In its World Report 2018, Human Rights Watch has said that militias in Libya continue to inflict violence and abuse on local civilians, as well as migrants, due to the reigning impunity in the country.
In Libya, armed groups and forces affiliated with the country's two competing governments "are committing rampant abuses against Libyans and foreigners with impunity," according to the latest World Report 2018 issued by Human Rights Watch (HRW). The report attempts to bring the spotlight back to the situation that Libyans and migrants in the country are experiencing, where since the outbreak of conflict in May 2014, "armed groups unlawfully killed, disappeared, tortured, forcibly displaced, and arbitrarily detained and kidnapped people, for political, economic, or criminal motives."
A country without justice
HRW reported that tens of thousands of Libyan citizens remain "internally displaced, while armed groups and criminals exploited and subjected to violence thousands of migrants, mostly from sub-Saharan Africa."

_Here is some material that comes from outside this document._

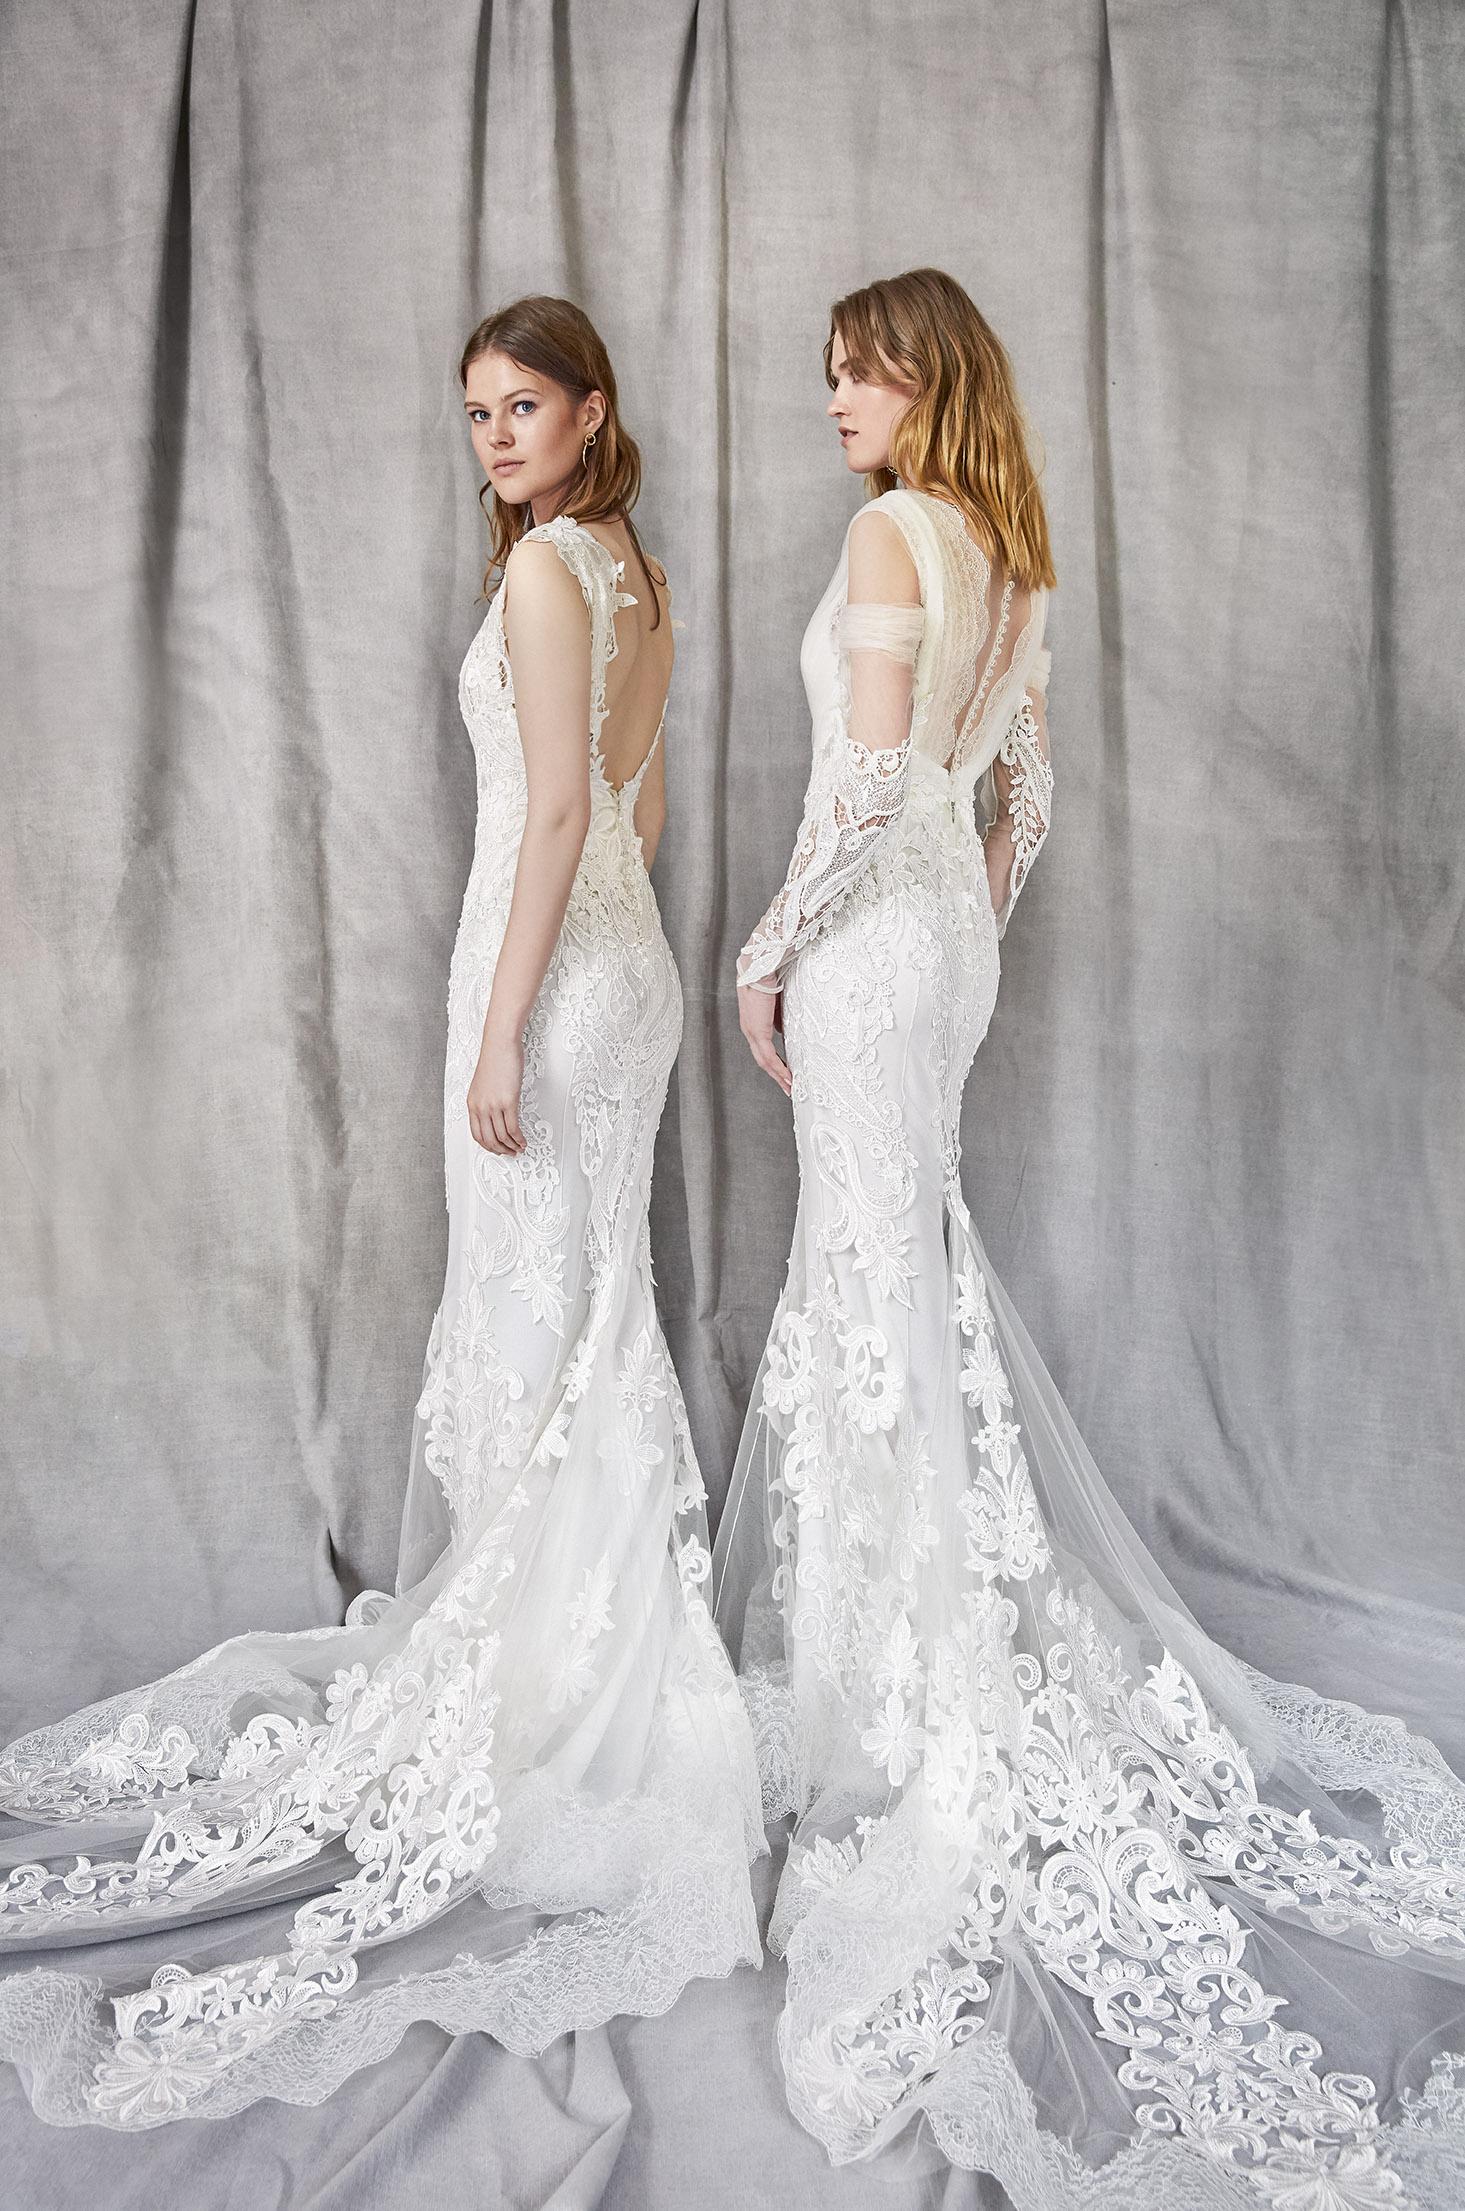 Tiendas de vestidos de novia en dos hermanas

According to Eric Goldstein, deputy director HRW's Middle East branch, the central Mediterranean migration crisis "shows the rest of the world that it is ignoring Libya's human rights disaster at its own peril." Goldstein believes that "stabilizing the situation in Libya requires establishing some measure of accountability for the rampant abuse being committed by various actors."
In the report, its 28th edition, HRW noted that conflict in the country had led to the central authority's collapse, and that forces tasked with law enforcement "are dysfunctional in most parts of the country, virtually guaranteeing domestic impunity." HRW noted several cases of arbitrary executions in 2017 that were linked to the conflict between the forces from both of the country's competing governments. The report said, "both Libya's justice ministry and various armed groups affiliated with the interior and defense ministries of both governments held thousands of Libyans in long-term arbitrary detention." The report also said that judicial police had reported that only 25 percent of the 6,400 detainees in government facilities have been sentenced.
Thousands of migrants subjected to violence
"Militias, smugglers, and guards in detention centers have subjected thousands of migrants and asylum seekers who continue to flock to Libya, to beatings, sexual violence, and forced labor," the report stated. "During interceptions at sea, the Libyan coast guard badly-treated migrants, before sending them to detention centers where conditions were inhumane," it added.
Internally displaced Libyans, at least 20,000 of whom in Benghazi, are also experiencing hardship at the hands of the forces, who have "prevented them from returning to their homes, accusing whole families of 'terrorism', while subjecting them to abuses including seizing their private property." In Misrata, armed groups "continued to collectively punish 35,000 residents of Tawergha by preventing them from returning to their homes and accusing them of war crimes in 2011, despite a UN-brokered agreement between the parties."